Unit of Endocrinology and Diabetes, Campus Bio-Medico University, Rome, Italy.
Department of Emergency and Organ Transplantation, University of Bari, Bari, Italy.
J Clin Endocrinol Metab. 2019 Aug 1;104(8):3088-3096. doi: 10.1210/jc.2018-02216.
Irisin is a hormonelike molecule that is cleaved and secreted by an unknown protease from fibronectin type III domain-containing protein 5 (FNDC5). It ameliorates bone status and muscle atrophy and influences energy homeostasis. PTH exerts several metabolic effects that may interact with the effects of irisin.
To test the hypothesis that irisin and PTH mutually affect their biological action, we evaluated FNDC5 mRNA and protein expression in myotubes treated with PTH (1-34) and parathyroid hormone receptor (PTH-r) mRNA expression in osteoblasts treated with r-irisin. To confirm the in vivo impact of PTH on irisin, we compared irisin serum concentrations in postmenopausal women with primary hyperparathyroidism (PHPT) and control subjects.
C2C12 myotubes were treated with short-term and continuous 10-10 M teriparatide and MC3T3-E1 osteoblasts with 100 ng/mL r-irisin for 8 hours. In a cross-sectional open-label trial, we enrolled 26 postmenopausal women with PHPT and 31 age-/body mass index (BMI)‒matched control subjects without impairment of calcium/phosphate metabolism.

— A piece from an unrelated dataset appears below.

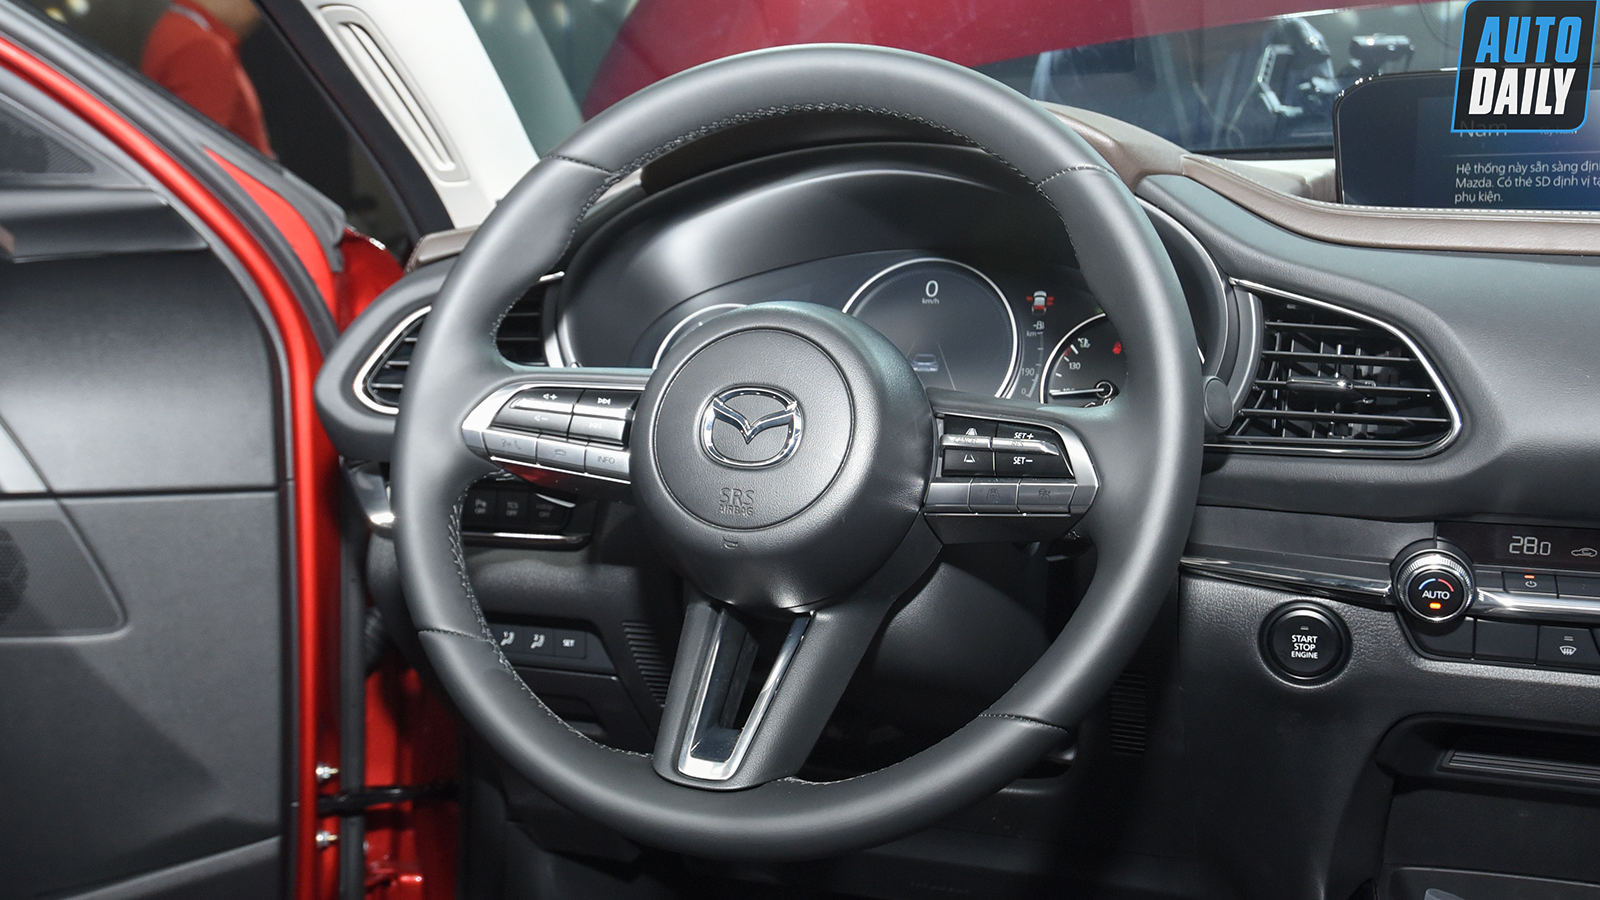 Hình ảnh chi tiết 2 phiên bản Mazda CX-30 vừa ra mắt tại Việt Nam adt-9855-copy.jpg

Teriparatide treatment on myotubes significantly downregulated FNDC5 expression by acting through its own receptor, which in turn activated Erk11/2 phosphorylation. r-Irisin led to a 50% downregulation of PTH-r mRNA expression compared with untreated cells (P < 0.001). Irisin was significantly lower in the PHPT group than in age-/BMI-matched controls (4.5 ± 1.1 vs 12 ± 5.2 µg/mL; P < 0.001). No significant correlation between irisin and bone mineral density or PTH was recorded in the PHPT group.
Preclinical findings suggest the existence of an interplay between PTH and irisin metabolism that seems to be confirmed by the significant reduction of irisin concentration in postmenopausal women with PHPT.

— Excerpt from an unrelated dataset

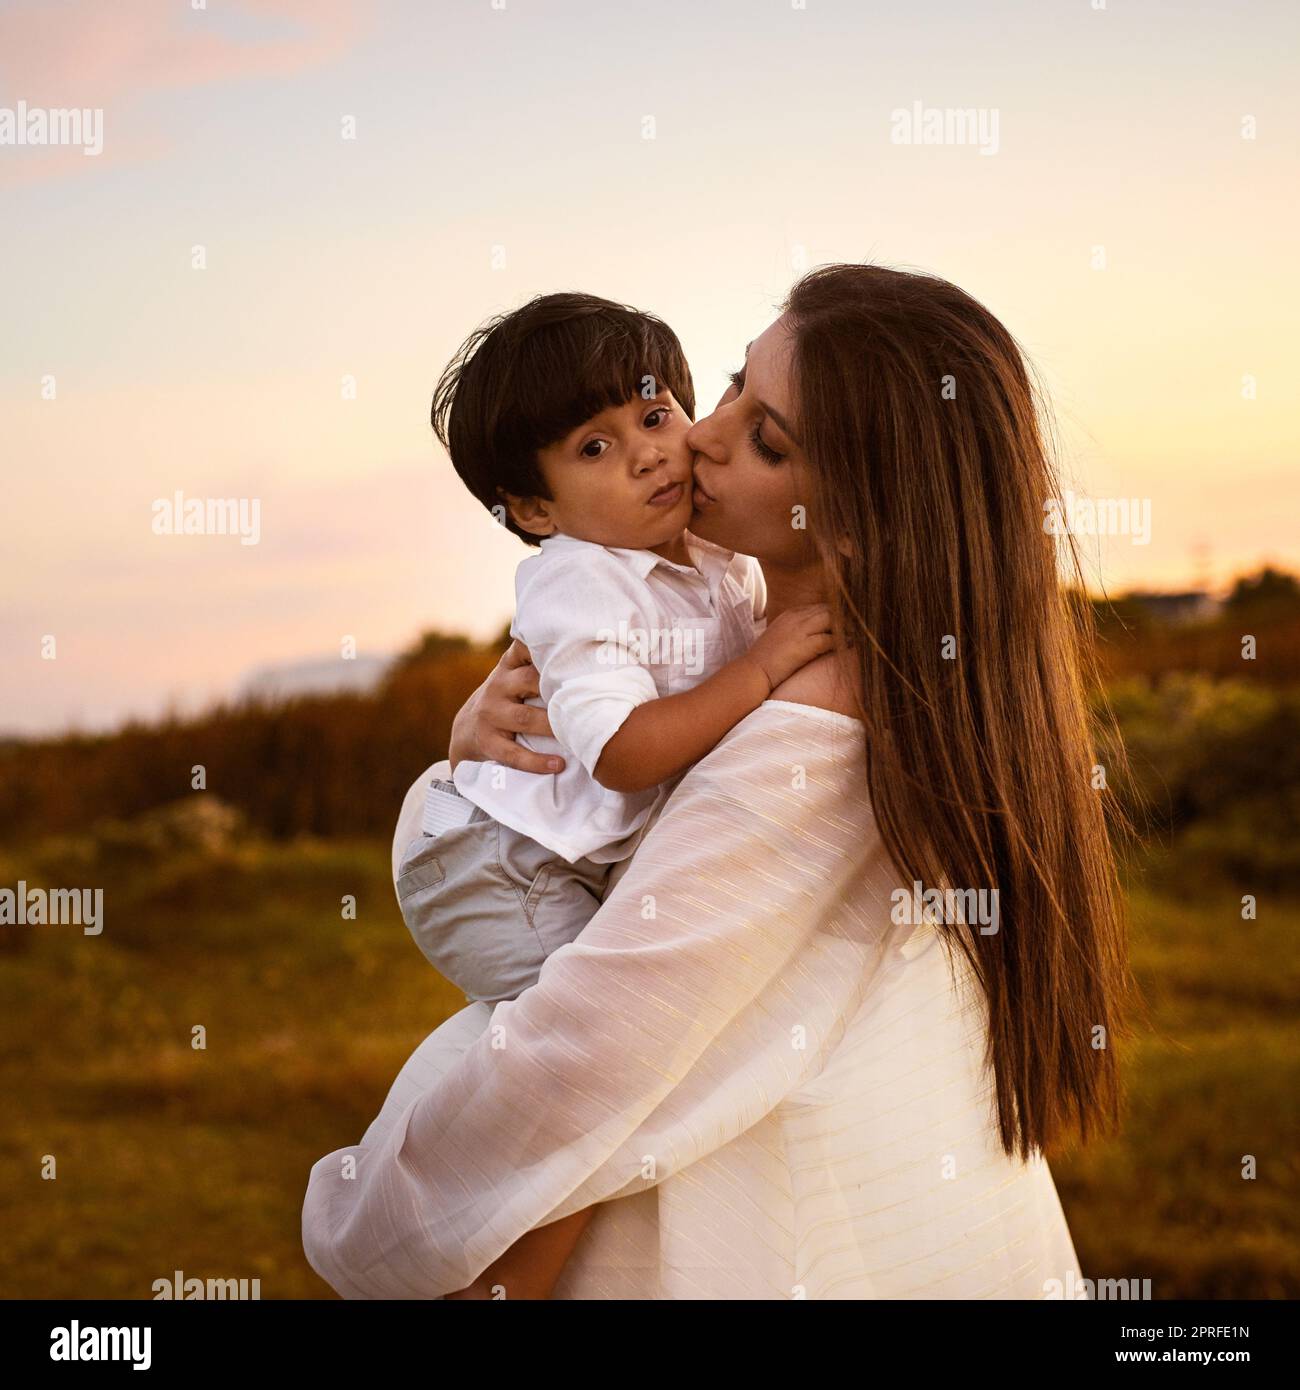 Mutter und Sohn, eine Bindung, die nie gebrochen werden kann. Eine junge Mutter küsst ihren Sohn auf der Wange im Freien. Stockfoto

鸢尾素是一种激素样分子,由纤维连接蛋白 III 型结构域包含蛋白 5(FNDC5)上的一种未知蛋白酶切割和分泌。它可改善骨骼状态和肌肉萎缩,并影响能量平衡。甲状旁腺激素(PTH)发挥多种代谢作用,这些作用可能与鸢尾素的作用相互影响。
为了验证鸢尾素和 PTH 相互影响其生物学作用的假设,我们评估了用 PTH(1-34)处理的肌管中 FNDC5 mRNA 和蛋白的表达,以及用 r-鸢尾素处理的成骨细胞中甲状旁腺激素受体(PTH-r)mRNA 的表达。为了证实 PTH 对鸢尾素的体内影响,我们比较了原发性甲状旁腺功能亢进症(PHPT)和对照组绝经后妇女的血清鸢尾素浓度。
用短期和连续的 10-10 M 特立帕肽处理 C2C12 肌管,用 100ng/mL r-鸢尾素处理 MC3T3-E1 成骨细胞 8 小时。在一项横断面、开放标签试验中,我们招募了 26 名患有 PHPT 的绝经后妇女和 31 名年龄/体重指数(BMI)匹配且无钙/磷代谢受损的对照组。
特立帕肽作用于肌管,通过其自身受体显著下调 FNDC5 表达,从而激活 Erk11/2 磷酸化。与未处理的细胞相比,r-鸢尾素使 PTH-r mRNA 表达下调 50%(P <0.001)。与年龄/ BMI 匹配的对照组相比,PHPT 组的鸢尾素水平显著降低(4.5 ± 1.1 对 12 ± 5.2µg/mL;P <0.001)。在 PHPT 组中,未记录到鸢尾素与骨密度或 PTH 之间存在显著相关性。
临床前研究结果表明,PTH 和鸢尾素代谢之间存在相互作用,这一作用似乎被绝经后 PHPT 妇女中鸢尾素浓度的显著降低所证实。